The star has long been a target for scientists looking for life outside of our solar system. For starters, Proxima Centauri is nearby. It also has one planet, Proxima Centauri b, that is located in what scientists call the “habitable zone” – a region around a star that has the right temperature range for a planet’s surface to have liquid water.
But there’s a catch, according to MacGregor: Red dwarves, the most common stars in the galaxy, are also unusually active. “A lot of the exoplanets we’ve discovered so far are orbiting these types of stars,” she explained. “But there’s a catch: they’re far more active than our sun. They flare up a lot more frequently and with a lot more intensity.”

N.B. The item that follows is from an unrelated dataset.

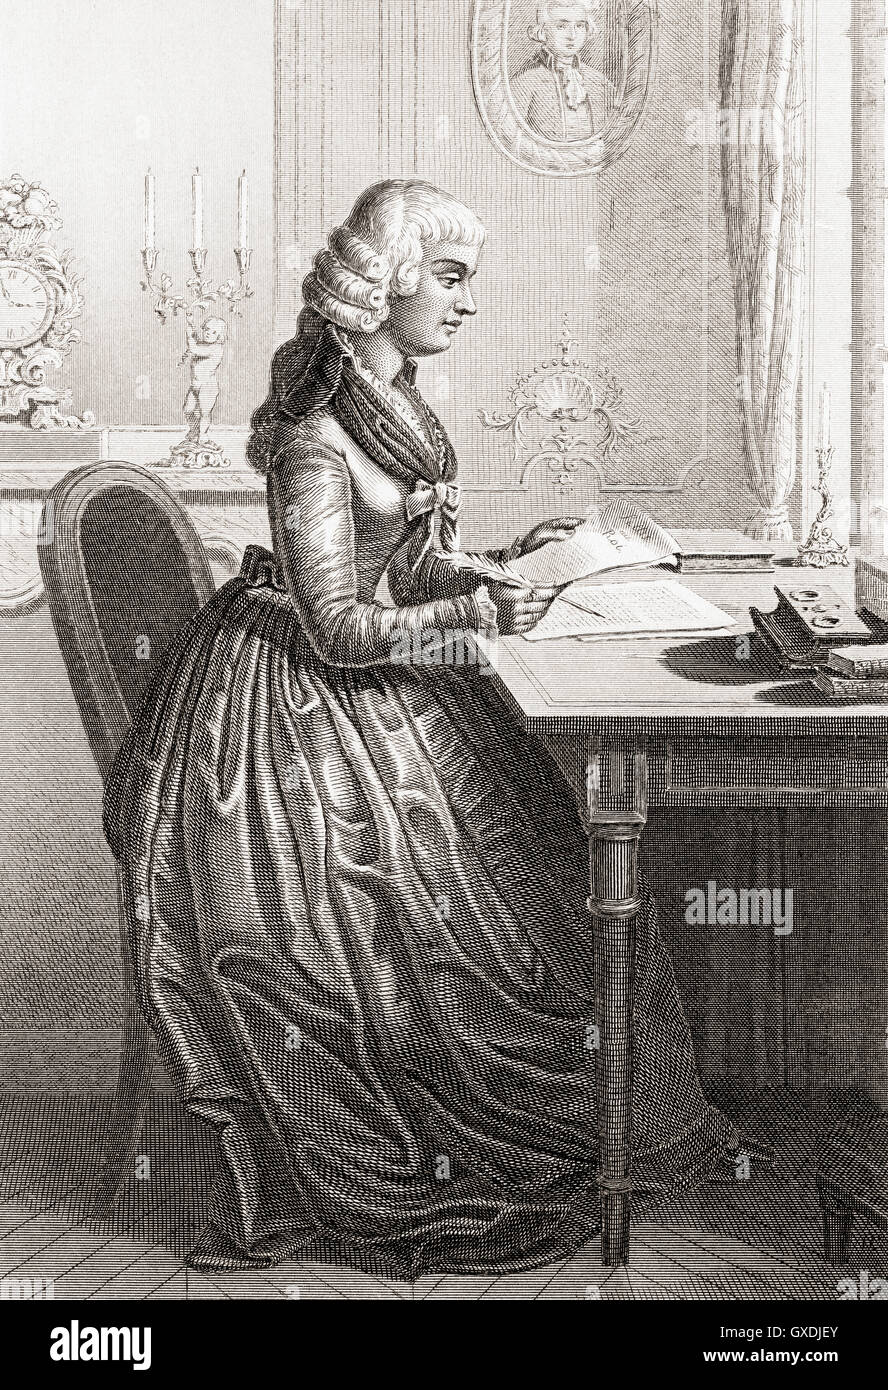 Madame Roland née Marie-Jeanne Phlippon, aka Jeanne Manon Roland, 1754 – 1793, was, together with her husband Jean-Marie Roland de la Platière, a supporter of the French Revolution and influential member of the Girondist faction. Stock Photo

To determine how much Proxima Centauri flares, she and her colleagues pulled off something akin to an astrophysics coup: Over the course of several months in 2019, they pointed nine different instruments at the star for 40 hours. The Hubble Space Telescope, the Atacama Large Millimeter Array (ALMA), and NASA’s Transiting Exoplanet Survey Satellite were among those looking (TESS). Five of them captured the massive flare from Proxima Centauri, capturing it as it produced a broad spectrum of radiation.
“We’ve never had this kind of multi-wavelength coverage of a stellar flare before,” MacGregor said. “You’re usually lucky if you can get two instruments.”
The method produced one of the most detailed anatomies of a flare from any star in the galaxy. The occurrence in question occurred on May 1, 2019, and lasted only 7 seconds. While it didn’t emit much visible light, it did emit a significant amount of ultraviolet and radio, or “millimeter,” radiation.
“We didn’t know stars could flare in the millimeter range before, so this is the first time we’ve gone looking for millimeter flares,” MacGregor explained. Those millimeter signals, according to MacGregor, could help researchers learn more about how stars generate flares. Currently, scientists suspect that these bursts of energy occur when magnetic fields near a star’s surface twist and snap with explosive consequences.
Overall, the observed flare was roughly 100 times more powerful than any similar flare seen from the sun on Earth. Such energy, over time, can deplete a planet’s atmosphere and even expose life forms to lethal radiation.
That type of flare may not be uncommon on Proxima Centauri. In addition to the big boom in May 2019, the researchers recorded a slew of other flares while watching the star for 40 hours. “The planets of Proxima Centauri are being hit by something like this not once in a century, but at least once a day, if not several times a day,” MacGregor explained.
The findings imply that the sun’s closest companion may have more surprises in store for us. “There will most likely be even more strange types of flares that demonstrate different types of physics that we haven’t thought of before,” MacGregor predicted.
Steven Cranmer, associate professor in APS and the Laboratory for Atmospheric and Space Physics (LASP) at CU Boulder; Adam Kowalski, assistant professor in APS and LASP at CU Boulder, also of the National Solar Observatory; Allison Youngblood, a research scientist at LASP; and Anna Estes, undergraduate research assistant in APS, are also coauthors on the new study.
Carnegie Institution for Science, Arizona State University, NASA Goddard Space Flight Center, University of Maryland, the University of North Carolina at Chapel Hill, University of Sydney, CSIRO Astronomy and Space Science, Space Telescope Science Institute, Johns Hopkins University, the Center for Astrophysics | Harvard & Smithsonian, and the University of British Columbia also contributed.